Do you take care of your daughter(s) as well as you take care of yourself? If yes, then you are an awesome mother!
Who is there to judge you?
I thought it would be frowned upon if you as a mom were well groomed all the time, but your child looks neglected most of the time. Or if your lifestyle choices were not so healthy for their mental and physical growth...then I can see how the phrase, "bad example" would apply.
Over time and now more recently, I have been getting several to many emails from mothers about this topic. Many of these mothers are getting bad mouthed or insulted for having relaxed hair, wear a hair weave or wig while their daughter(s) have natural hair. I do have relaxed hair and my daughter has natural hair. No big deal. Our hairs are healthy respectively and I don't see a "problem". Really, I don't. I honestly did not ever want to post anything about this topic, but felt maybe a person can benefit from it.

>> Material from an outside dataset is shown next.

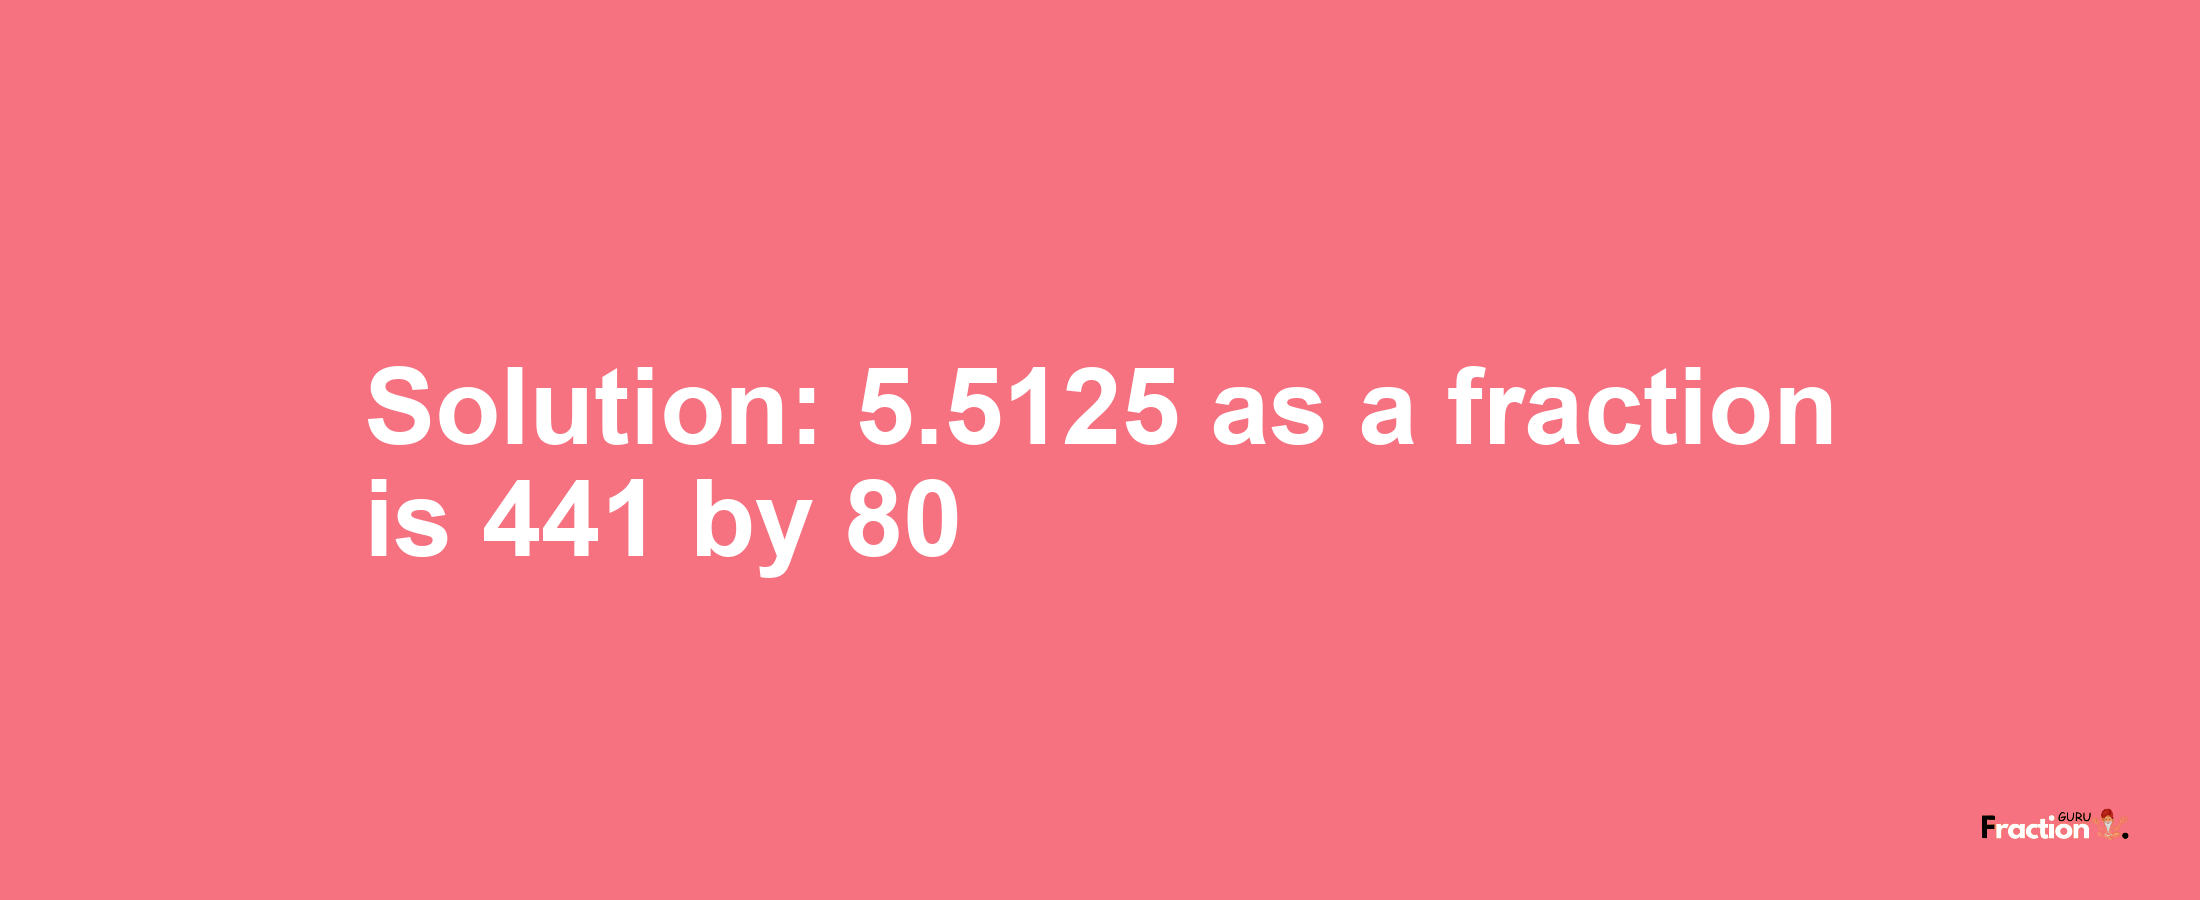 Solution:5.5125 as a fraction is 441/80

I too have been called a poor example as a mother, from people I personally know. I have gotten snide comments too. Back handed compliments: "You have pretty hair, but you should cut it all off and go natural for your daughter". And several social media outlets, I was told that I should not be giving hair advice to mothers with natural haired children. But I still do and my lovely ladies benefit.
A while back, someone had questioned me about how I would have handled a situation if my daughter asked to be relaxed. I went into a whole explanation about how I raise my daughter. I sounded like I was being defensive to prove how well and how I plan on raising her. Thinking about it now, it was unnecessary to explain myself. I was the idiot and sounded pathetic for doing that and giving this individual my time.
*Have my daughter asked for her hair to be relaxed? Not yet and if she asks, I will ask her why.
*Has she asked for her hair to be STRAIGHTENED? Her answer to my "why" question: "I just want to see what it looks like straight."
I agree that hair can be an example for a young girl as far as grooming routine or styling choices. I also feel that it is okay for children to be curious with their question, you ask them why and go from there. Many say that when they ask for their hair to be straightened or relaxed, they have self-esteem challenges and it is our fault because of what we portray ourselves as. Huh? That is not the only ONE REASON why a young girl wants to have their hair straightened, weaved or relaxed. It does not mean that the only reason why she asked is because she has identity challenges and that it is the fault of the mother.
What about outside exposure, influence and being around their peers that can trigger these thoughts and questions?
On another note, mothers who have decided to "transition" or "big chopped" to go natural, do it for different reasons that are relative to themselves. I have heard reasons from them admiring their own daughter's hair, to them wanting to try something new.
But I do not feel that hair is the ONLY way to be a good example for a child...let us be a good example all around. Give your children the whole package.
How about these situations?
- I received an email from a natural haired mother almost a year ago whose daughter asked to get her hair relaxed because she likes her friend's relaxed hair.
- An email from a mother who has very loose natural curls and her daughter has tightly coiled hair. Her daughter is upset that she doesn't have hair like hers.
- I read about a mother who is suffering from early balding and has to wear a wig, but her 13 year old daughter wants to wear one too.
So to my lovely mothers who have sent and been sending me messages in regards to this issue for over quite some time (although I did answer them)....pick your battles and keep being the awesome mother that you are. Take care of your children, keep them well rounded and be a good positive role model the best way you know how. Keep doing you.
And to the lovely mothers who want to give a side eye to a relaxed, weaved up or wig wearing mother, please stop. There is a way to give constructive criticism without cheap shots. Divert those eyes to your beautiful children and be a positive example for them.
And what good example is one being if they are tearing another mother down because of her hair choices? We have to do better ladies!
Thanks for reading, we'll chat soon!